XSS from wikitext when $wgArticlePath='$1'
Closed, ResolvedPublic
Actions

Description

When $wgArticlePath is set to '$1', it's trivially possible to execute XSS attacks:

  • Create a page named javascript:alert('XSS!')
  • Add a wikilink to that page on another one: [[javascript:alert('XSS!')]]

Since $wgArticlePath is not absolute, this will generate <a href="javascript:alert('XSS!')" ...>.

Note that $wgArticlePath = '$1' is a pretty broken configuration setting and unlikely to result in a fully functional wiki, but people desperately grappling with short URLs might end up setting that.
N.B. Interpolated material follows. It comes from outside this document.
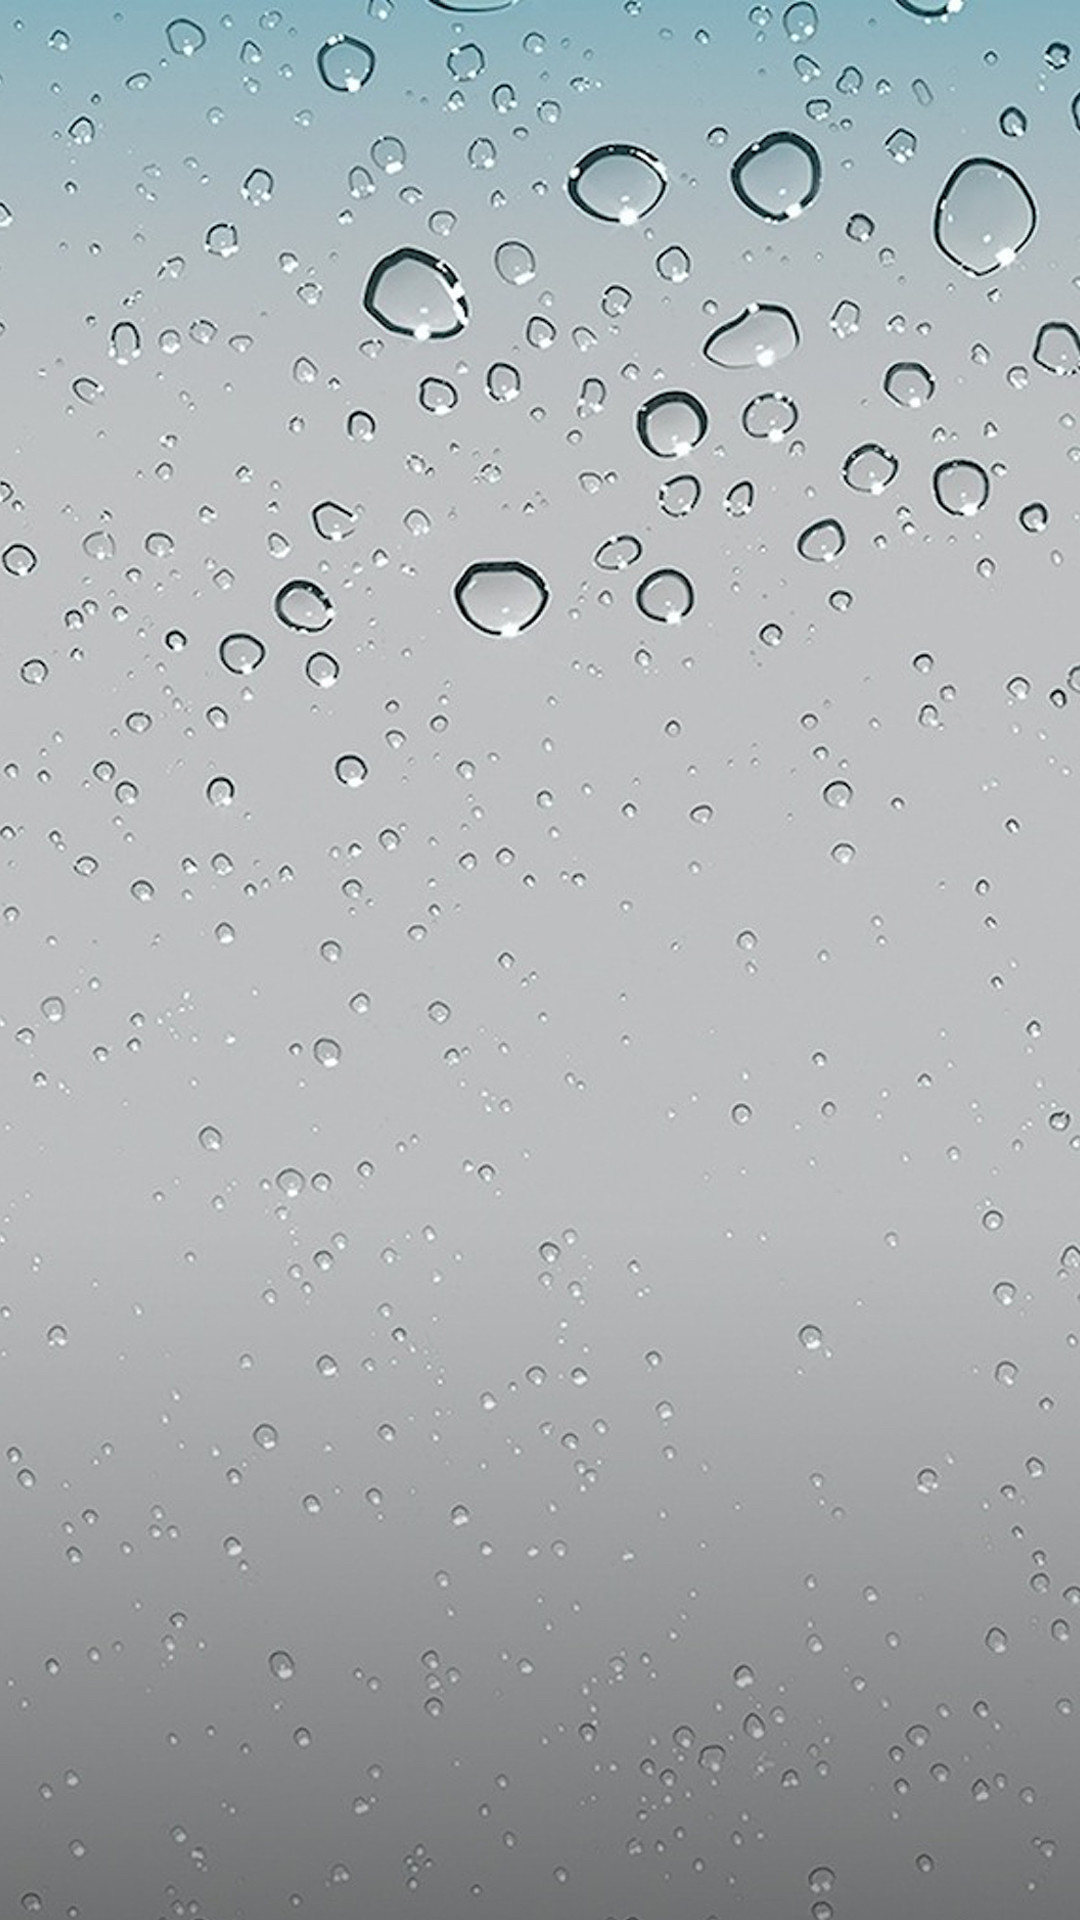 1080x1920 FREEIOS7 | raindrops-sadd - parallax HD iPhone iPad wallpaper ...

On master, it seems to cause infinite redirect loops (probably due to 155d555b83eca6403e07d2094b074a8ed2f301ae?), but I was able to view pages with that setting on MediaWiki 1.25.

It seems that T48998 is an old bug pointing out that some $wgArticlePaths just shouldn't be allowed (with a patch).

patches:

affected versions:
type: XSS
CVE: CVE-2015-8622

Related Objects
Search...

Event Timeline

matmarex created this task.Nov 5 2015, 7:29 PM
matmarex raised the priority of this task from to Needs Triage.
matmarex updated the task description. (Show Details)
matmarex added projects: Vuln-XSS, MediaWiki-Parser, acl*security.
matmarex changed the visibility from "Public (No Login Required)" to "Custom Policy".
matmarex changed the edit policy from "All Users" to "Custom Policy".
matmarex changed Security from None to Software security bug.
matmarex subscribed.
Restricted Application added a subscriber: Aklapper. · View Herald TranscriptNov 5 2015, 7:29 PM
Bawolff subscribed.Nov 10 2015, 10:20 PM
This comment was removed by demon.
csteipp subscribed.Nov 10 2015, 10:24 PM

Would be fixed with https://gerrit.wikimedia.org/r/135196

@Bawolff is going to +2 that, and we'll backport it for the next security release to address the issue.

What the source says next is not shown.